# TASK DIRECTIONS
Repeat the data that follows, word for word, without the images.

# INPUT DATA
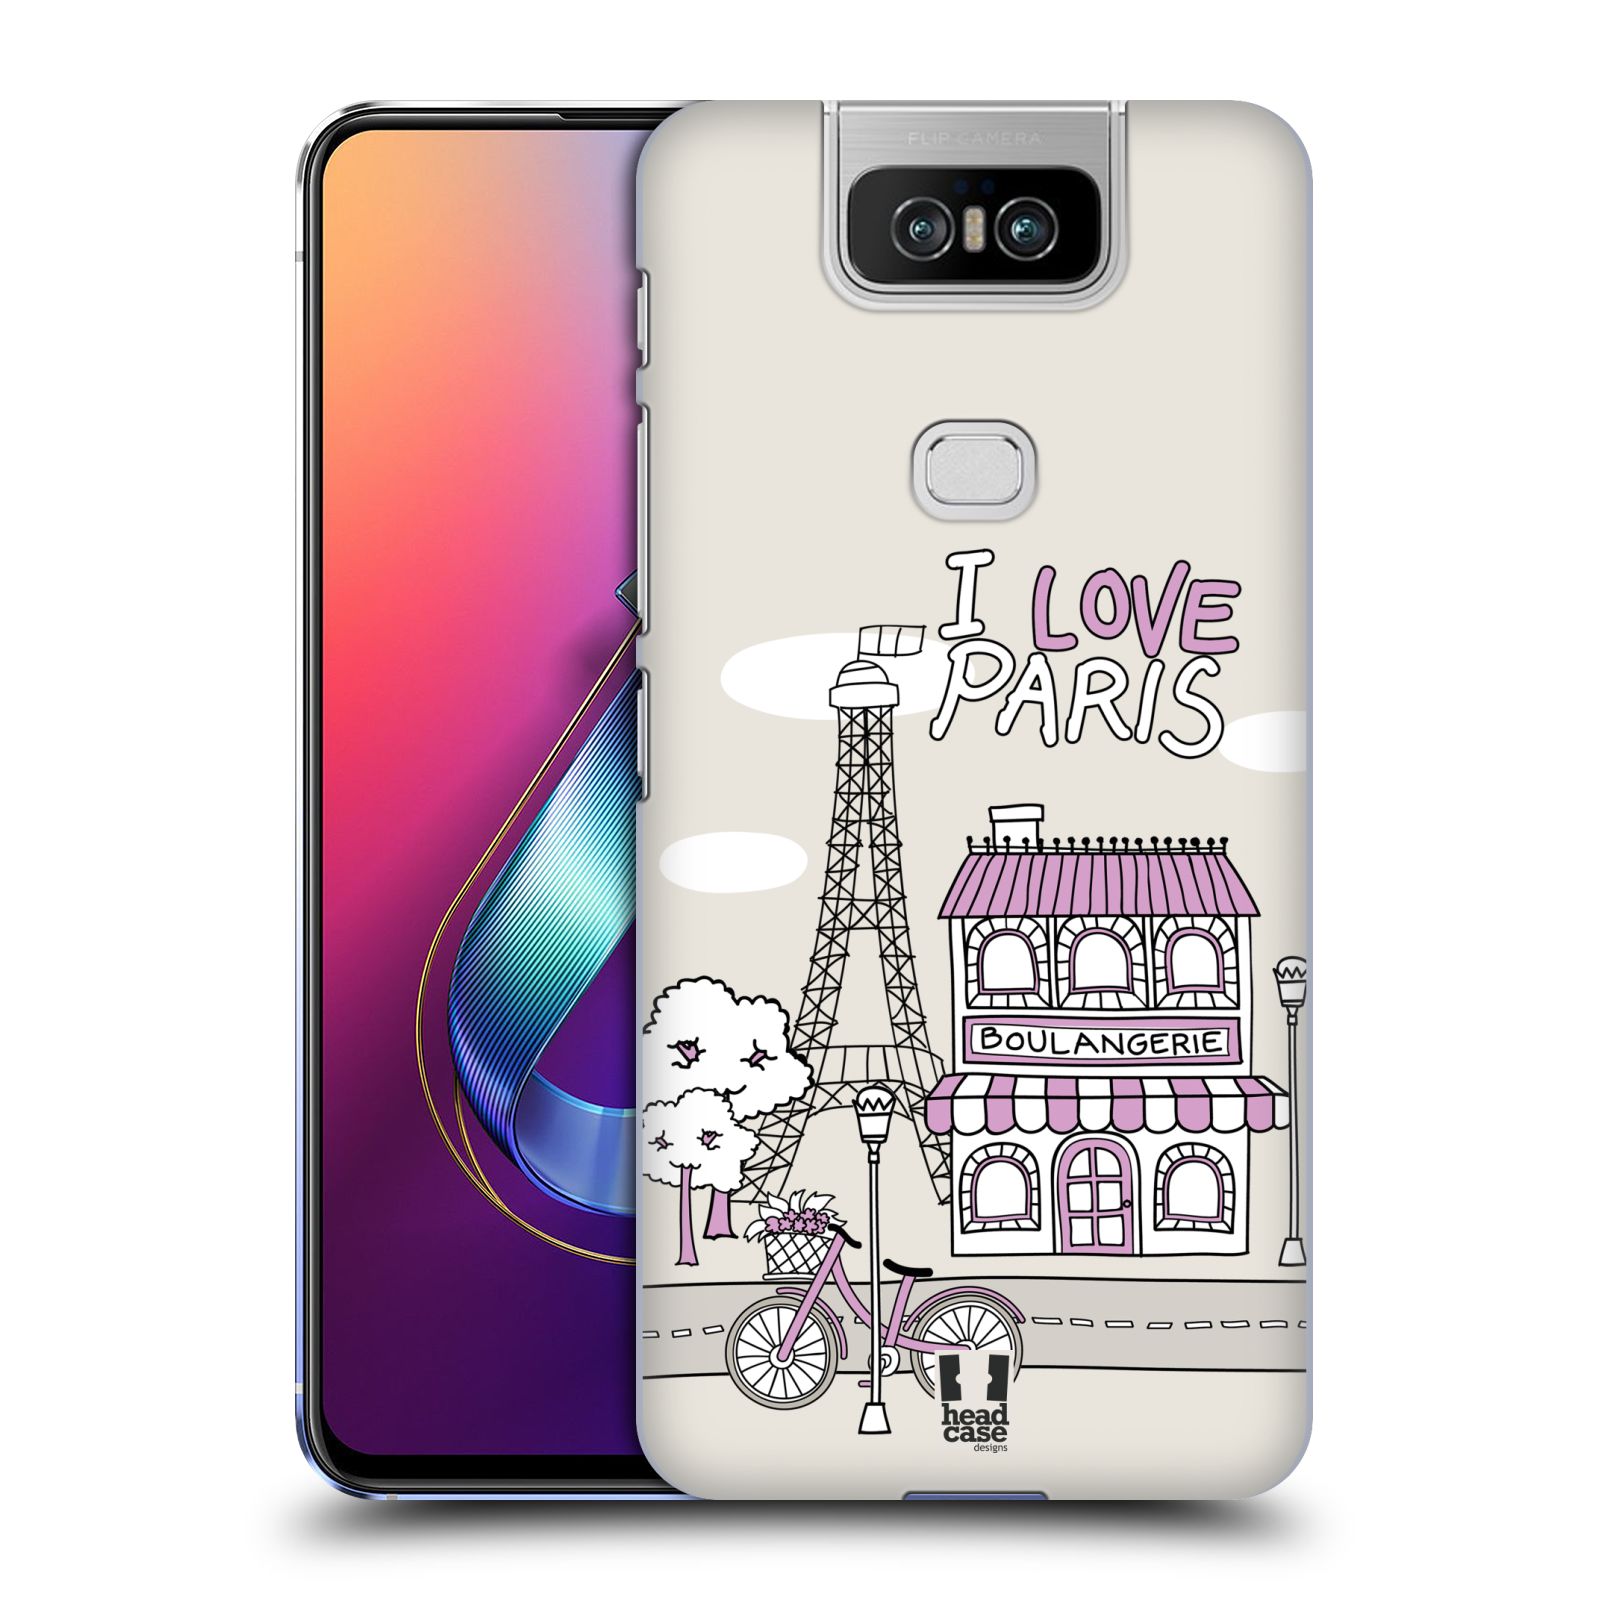 Pouzdro na mobil Asus Zenfone 6 ZS630KL - HEAD CASE - vzor Kreslená městečka FIALOVÁ, Paříž, Francie, I LOVE PARIS
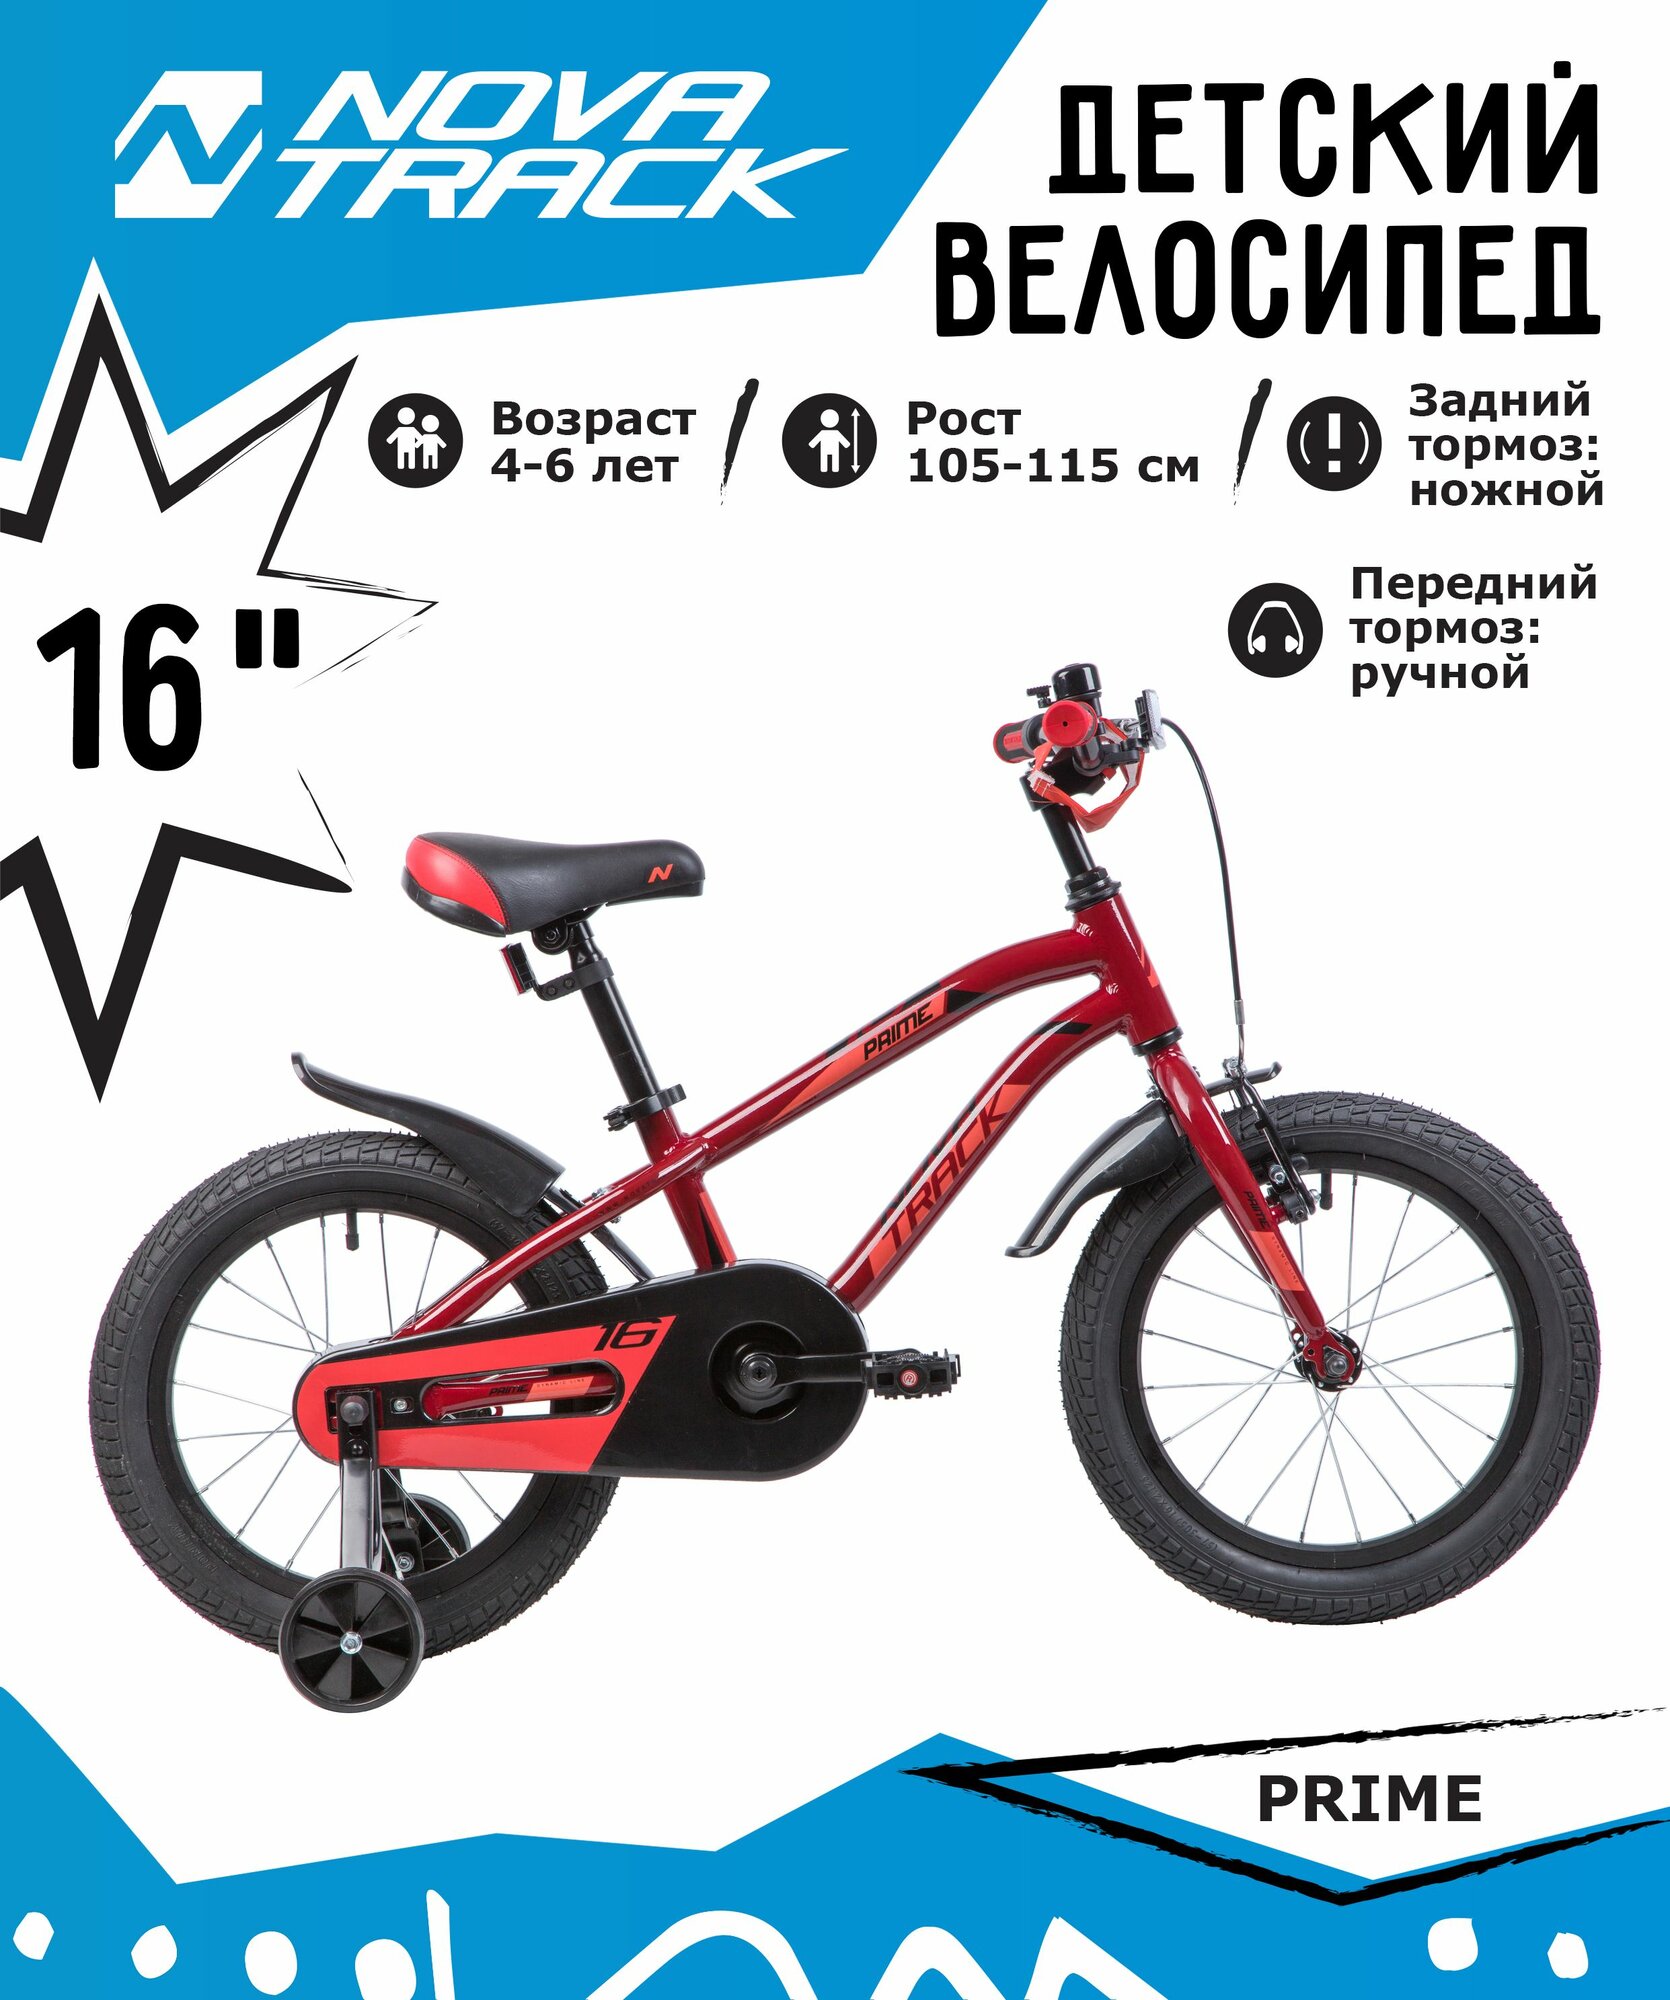 Велосипед NOVATRACK 16", PRIME AB, алюм, коричневый, полная защита цепи, передний тормоз ручной, задний ножной.
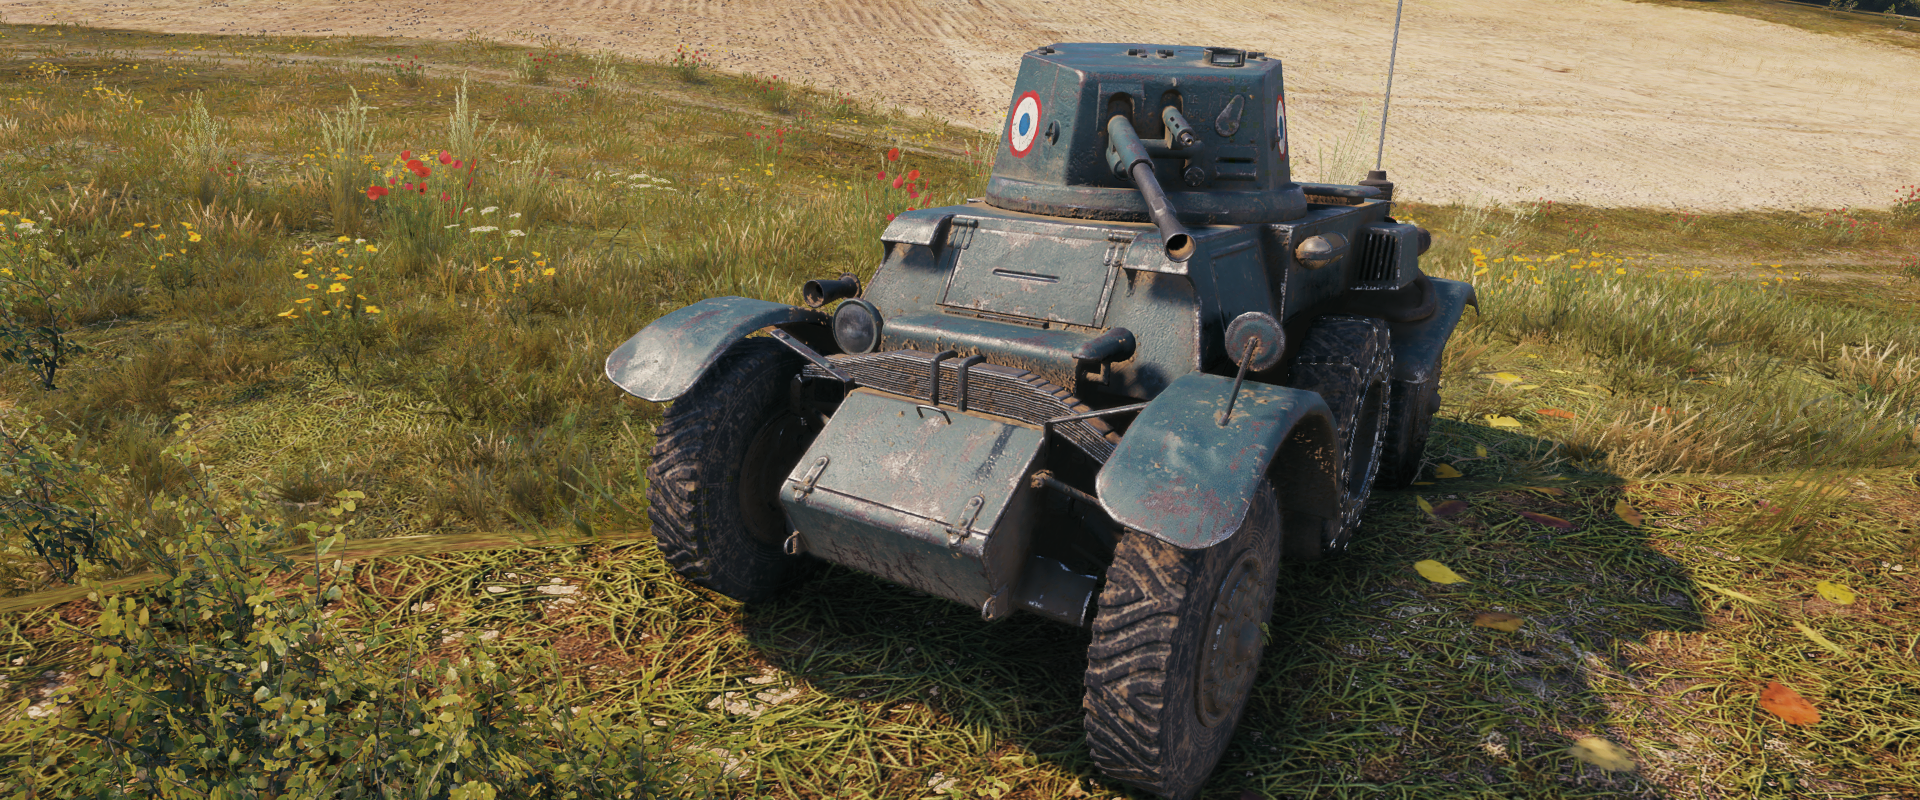 Tier II-es prémium kerekes jármű: AM 39 Gendron-Somua

# RESPONSE BOX
 Pouzdro na mobil Asus Zenfone 6 ZS630KL - HEAD CASE - vzor Kreslená městečka FIALOVÁ, Paříž, Francie, I LOVE PARIS
 Велосипед NOVATRACK 16", PRIME AB, алюм, коричневый, полная защита цепи, передний тормоз ручной, задний ножной.
 Tier II-es prémium kerekes jármű: AM 39 Gendron-Somua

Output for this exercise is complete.